(Beginning of DATA BLOCK)
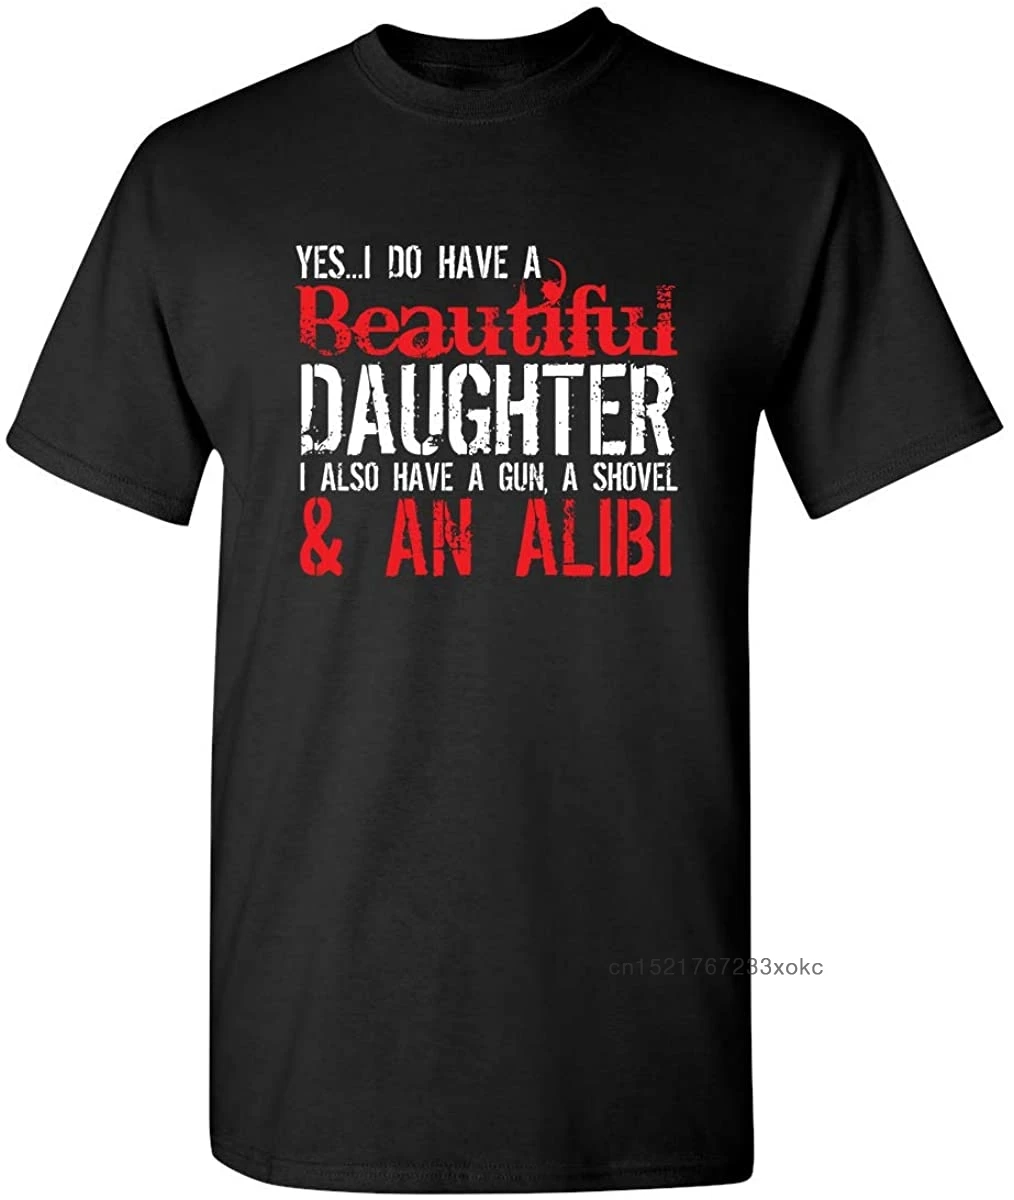 

Father Gift T-shirt Men Family Tees I Do Have A Beautiful Daughter Graphic Novelty Sarcastic Funny Saying T Shirt Cotton
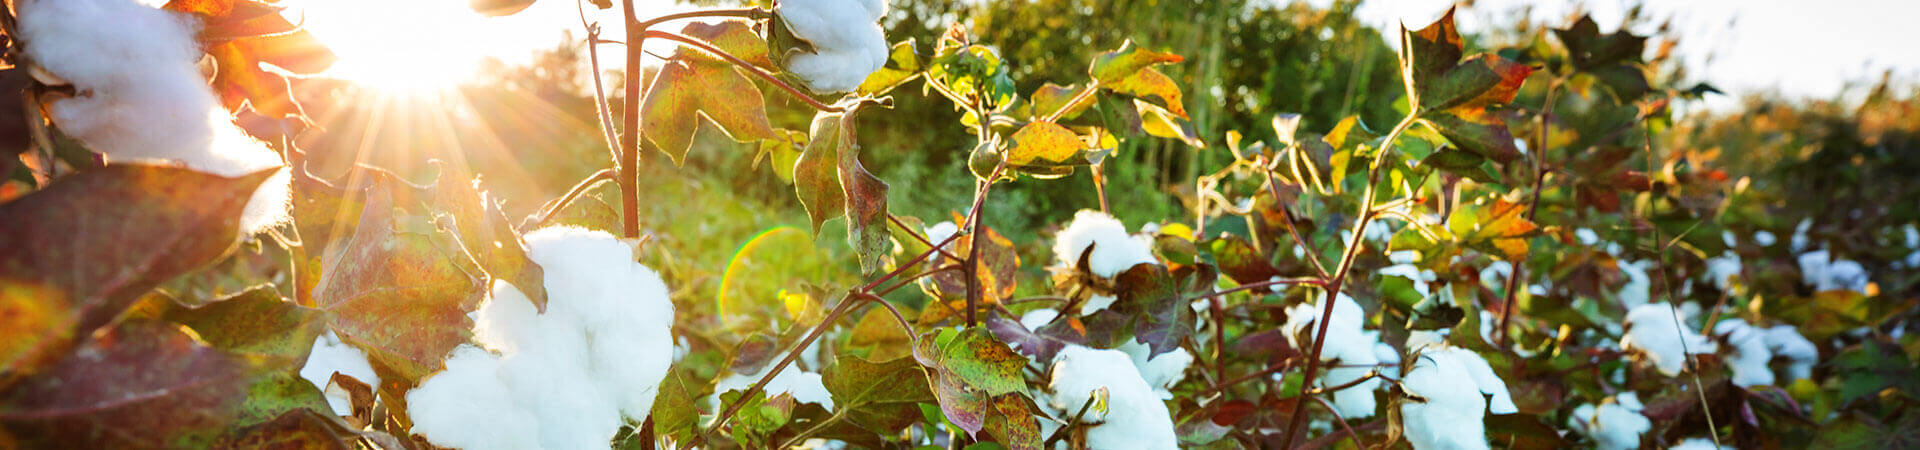 Close up of a cotton field.
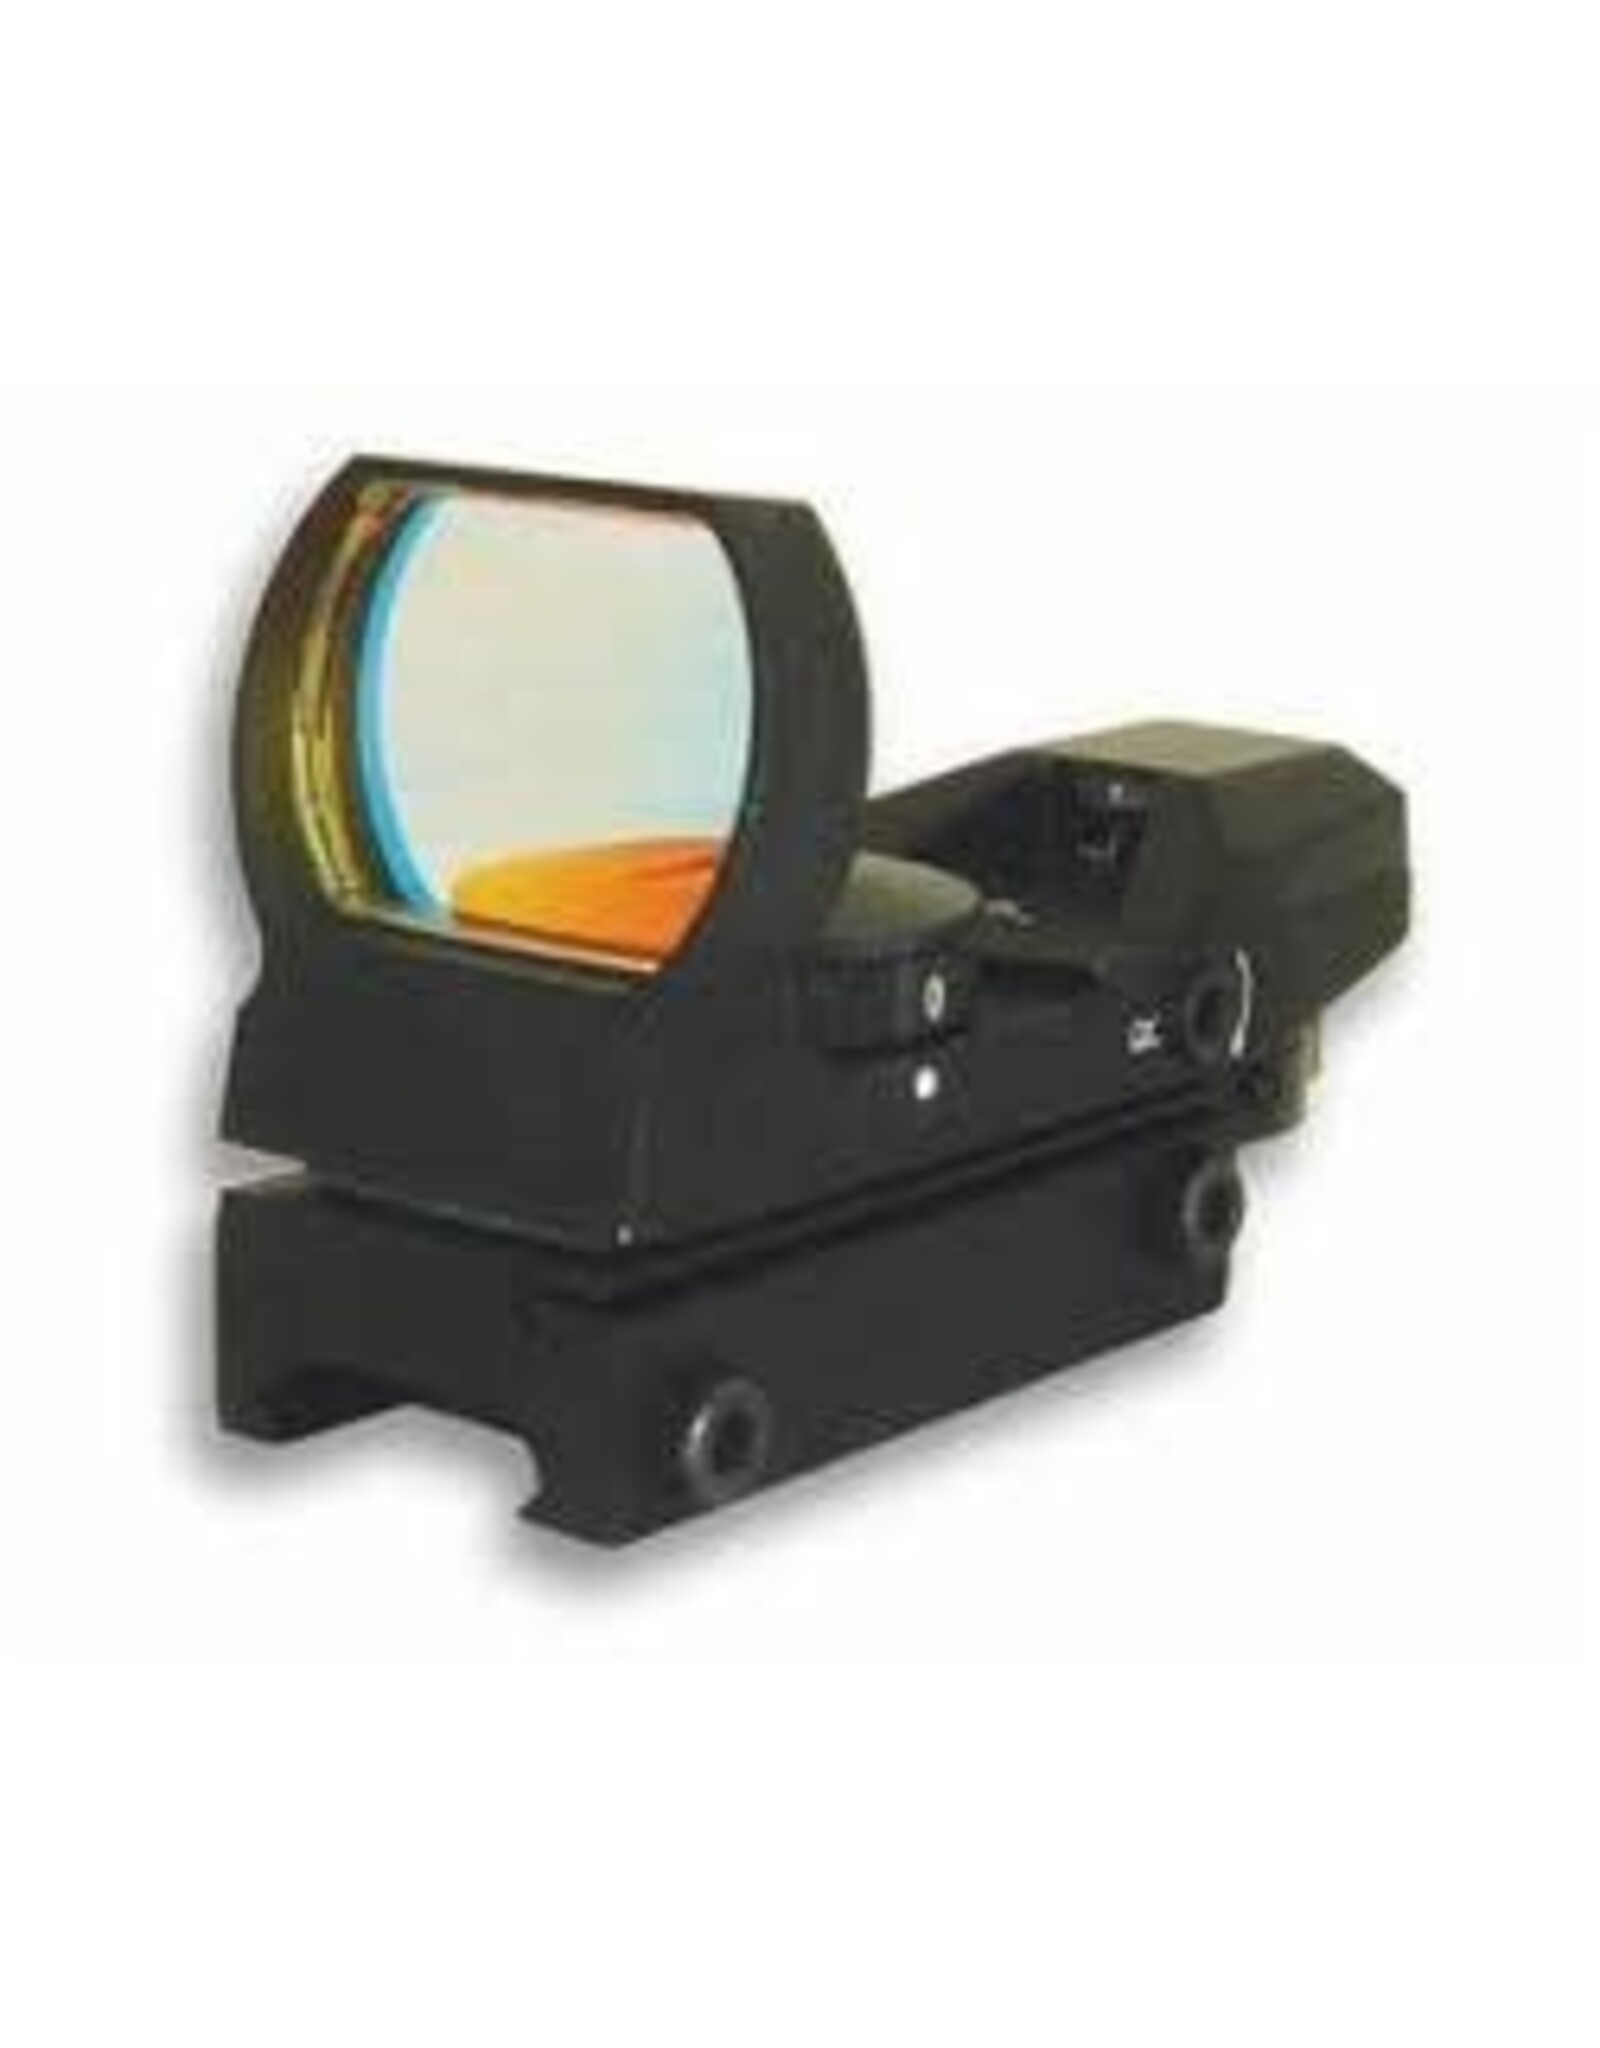 Elite Force Axeon R47 4-RS Multi-Reticle Red Dot Sight Reflex Scope
(End of DATA BLOCK)
WORK REQUIRED: Everything from the line containing "Close up of a cotton field." through the last line of the listing above must be output exactly, except the pictures.

RESULT OF THIS EXERCISE:
 Close up of a cotton field.
 Elite Force Axeon R47 4-RS Multi-Reticle Red Dot Sight Reflex Scope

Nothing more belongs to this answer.